Si c’est déjà le cas dans onze agglomérations françaises, la loi Climat et Résilience de 2021 impose la création d’une ZFE-m au 1er janvier 2025 dans les agglomérations de plus de 150 000 habitants, dont dans la métropole Perpignan-Méditerranée.

« Si cela s’entend du point de vue de la lutte contre la pollution, reconnaît Louis Aliot, c’est au niveau des modalités d’application que cela pose problème, en particulier dans de plus petites agglomérations comme la nôtre (…). En fait de ZFE, nous concernant plus particulièrement il s’agirait d’une Zone à Forte Exclusion ! Car l’une des singularités de notre département est d’être un territoire peu urbain, dans la mesure où il existe une seule commune de plus de 15 000 habitants ».

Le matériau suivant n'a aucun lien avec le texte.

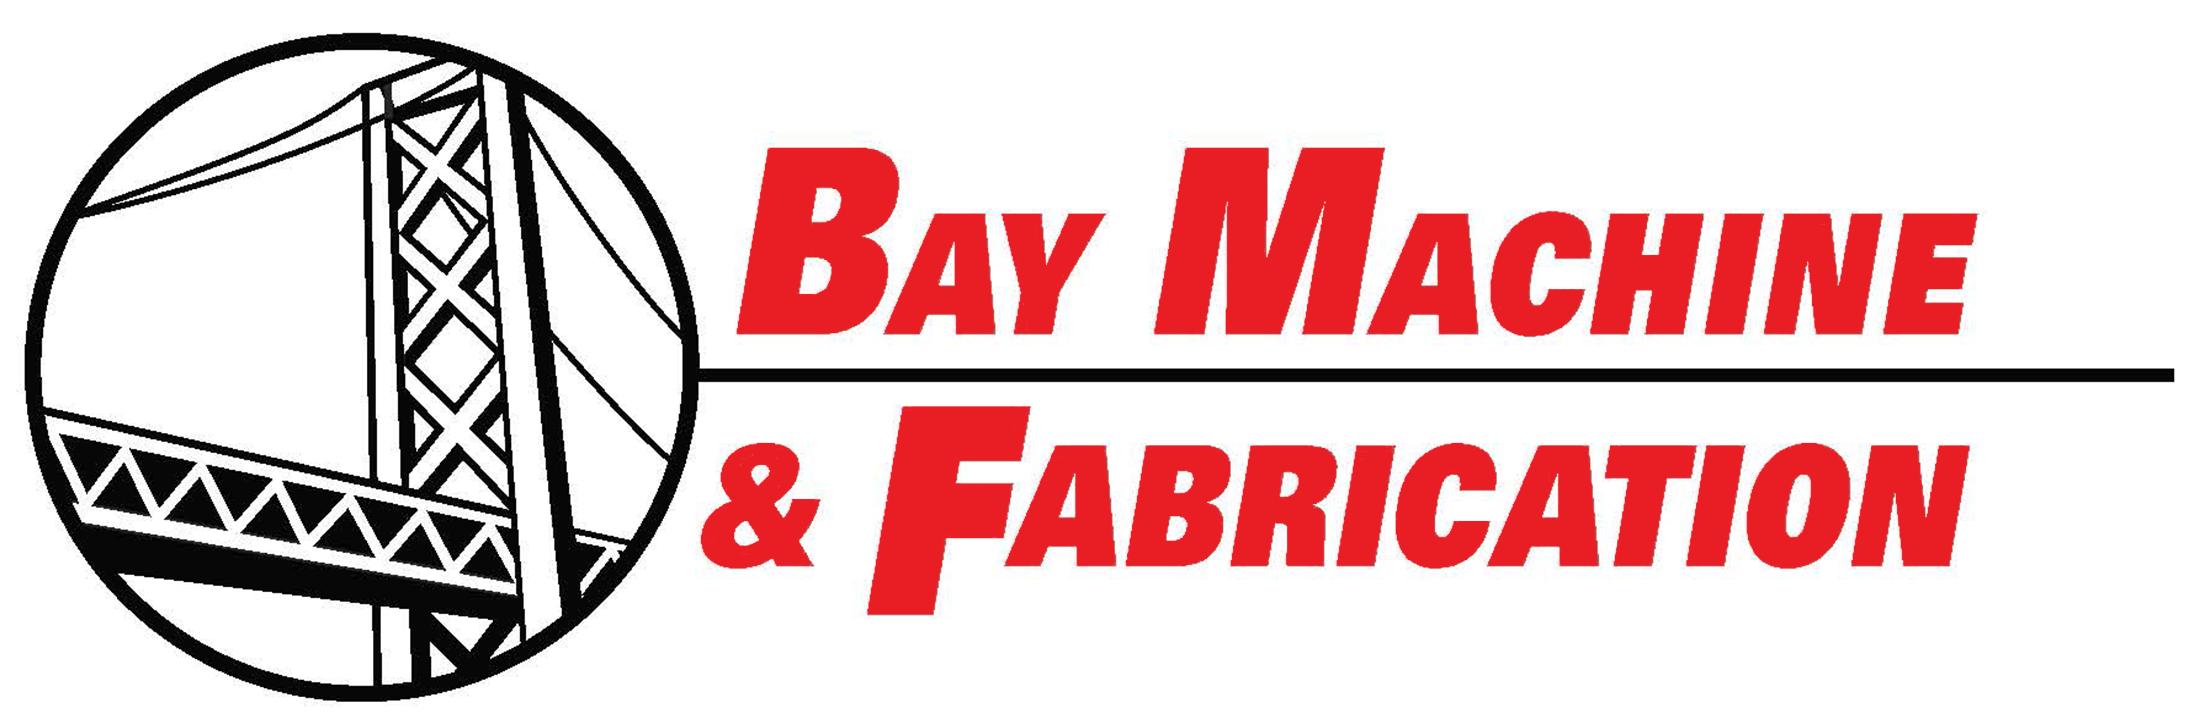 Bay Machine and Fabrication

Le maire de Perpignan, qui est aussi le 5e vice-président de PMM – délégué à la politique de la Ville, le Renouvellement urbain, l’Aide à la pierre et à la Résorption de l’habitat insalubre -, a alors soulevé, chiffres à l’appui concernant notamment l’état du parc automobile de sa ville, ainsi que de PMM, « le risque évident de créer une fracture territoriale et sociale (…). On ne peut pas brutalement basculer tout le monde vers l’électrique ! ».

La motion proposée par le groupe politique de Louis Aliot est passée comme une lettre à La Poste… Emballé, c’est pesé !

En revanche, dans le camp des défenseurs de la ZFE – dont le plus en pointe le maire de Torreilles, Dr Marc Médina -, c’est la douche froide…

 

L.M.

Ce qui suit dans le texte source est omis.